I feel like I'm starting to feel a little of the age of my array (which isn't all that old - 2 years). I am seeing multiple errors, which I've never had before on any of these drives. Parity drive has 976, then 2 separate data drives, one with 113 and the other with 492. I literally have until March 11th to RMA them if I need to go that route, but can't be without all 3 at the same time, and don't particularly want to go purchase 3 new drives either  :-\

 

Things to note:

  • These drives are part of a 5 disk array + parity + cache drive (7 total)
  • sdg, sdd, and sdf are affected
  • sdf and sdg do not show Temp (just a *)
  • About a month ago I put in new CPU/mobo/RAM and upgraded to 6
  • The last parity check was performed 03-04-2015 with 0 errors and averaged 71.7 MB/sec

 

Smart logs:

 

# cat smart-sdf-03082015.txt

smartctl 6.2 2013-07-26 r3841 [x86_64-linux-3.17.4-unRAID] (local build)
Copyright (C) 2002-13, Bruce Allen, Christian Franke, www.smartmontools.org

=== START OF INFORMATION SECTION ===
Vendor:               /6:0:0:0
Product:              
User Capacity:        600,332,565,813,390,450 bytes [600 PB]
Logical block size:   774843950 bytes
scsiModePageOffset: response length too short, resp_len=47 offset=50 bd_len=46
scsiModePageOffset: response length too short, resp_len=47 offset=50 bd_len=46
>> Terminate command early due to bad response to IEC mode page
A mandatory SMART command failed: exiting.
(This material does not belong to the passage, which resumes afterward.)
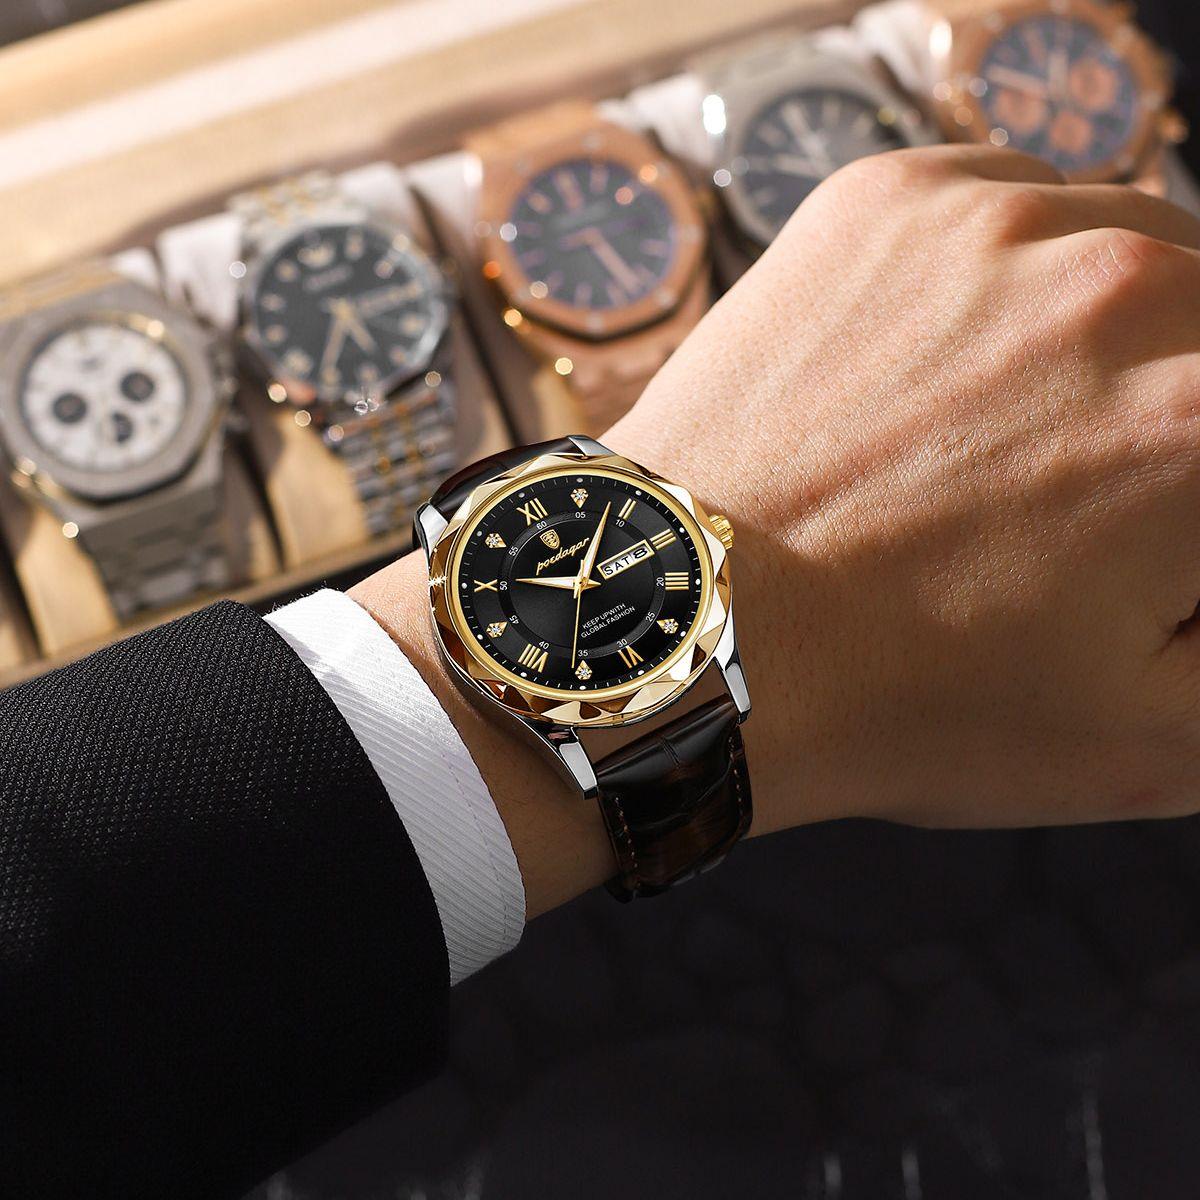 Relógio Bazzer CL90 - Alfa Wear - relógio, relógio de couro, relógio de metal, relógio esportivo, relógio masculino

To continue, add one or more '-T permissive' options.

 

# cat smart-sdg-03082015.txt

smartctl 6.2 2013-07-26 r3841 [x86_64-linux-3.17.4-unRAID] (local build)
Copyright (C) 2002-13, Bruce Allen, Christian Franke, www.smartmontools.org

=== START OF INFORMATION SECTION ===
Vendor:               /6:0:1:0
Product:              
User Capacity:        600,332,565,813,390,450 bytes [600 PB]
Logical block size:   774843950 bytes
Physical block size:  1549687900 bytes
Lowest aligned LBA:   14896
scsiModePageOffset: response length too short, resp_len=47 offset=50 bd_len=46
scsiModePageOffset: response length too short, resp_len=47 offset=50 bd_len=46
>> Terminate command early due to bad response to IEC mode page
A mandatory SMART command failed: exiting. To continue, add one or more '-T permissive' options.

 

# cat smart-sdd-03082015.txt

smartctl 6.2 2013-07-26 r3841 [x86_64-linux-3.17.4-unRAID] (local build)
Copyright (C) 2002-13, Bruce Allen, Christian Franke, www.smartmontools.org

=== START OF INFORMATION SECTION ===
Model Family:     Seagate Barracuda 7200.14 (AF)
Device Model:     ST3000DM001-1CH166
Serial Number:    Z1F2269Z
LU WWN Device Id: 5 000c50 04f673cfa
Firmware Version: CC24
User Capacity:    3,000,592,982,016 bytes [3.00 TB]
Sector Sizes:     512 bytes logical, 4096 bytes physical
Rotation Rate:    7200 rpm
Device is:        In smartctl database [for details use: -P show]
ATA Version is:   ATA8-ACS T13/1699-D revision 4
SATA Version is:  SATA 3.0, 6.0 Gb/s (current: 6.0 Gb/s)
Local Time is:    Sun Mar  8 23:19:37 2015 CDT

==> WARNING: A firmware update for this drive may be available,
see the following Seagate web pages:
http://knowledge.seagate.com/articles/en_US/FAQ/207931en
http://knowledge.seagate.com/articles/en_US/FAQ/223651en

SMART support is: Available - device has SMART capability.
SMART support is: Enabled

=== START OF READ SMART DATA SECTION ===
SMART overall-health self-assessment test result: PASSED

General SMART Values:
Offline data collection status:  (0x00)	Offline data collection activity
				was never started.
				Auto Offline Data Collection: Disabled.
Self-test execution status:      (   0)	The previous self-test routine completed
				without error or no self-test has ever 
				been run.
Total time to complete Offline 
data collection: 		(  575) seconds.
Offline data collection
capabilities: 			 (0x73) SMART execute Offline immediate.
				Auto Offline data collection on/off support.
				Suspend Offline collection upon new
				command.
				No Offline surface scan supported.
				Self-test supported.
				Conveyance Self-test supported.
				Selective Self-test supported.
SMART capabilities:            (0x0003)	Saves SMART data before entering
				power-saving mode.
				Supports SMART auto save timer.
Error logging capability:        (0x01)	Error logging supported.
				General Purpose Logging supported.
Short self-test routine 
recommended polling time: 	 (   1) minutes.
Extended self-test routine
recommended polling time: 	 ( 334) minutes.
Conveyance self-test routine
recommended polling time: 	 (   2) minutes.
SCT capabilities: 	       (0x3085)	SCT Status supported.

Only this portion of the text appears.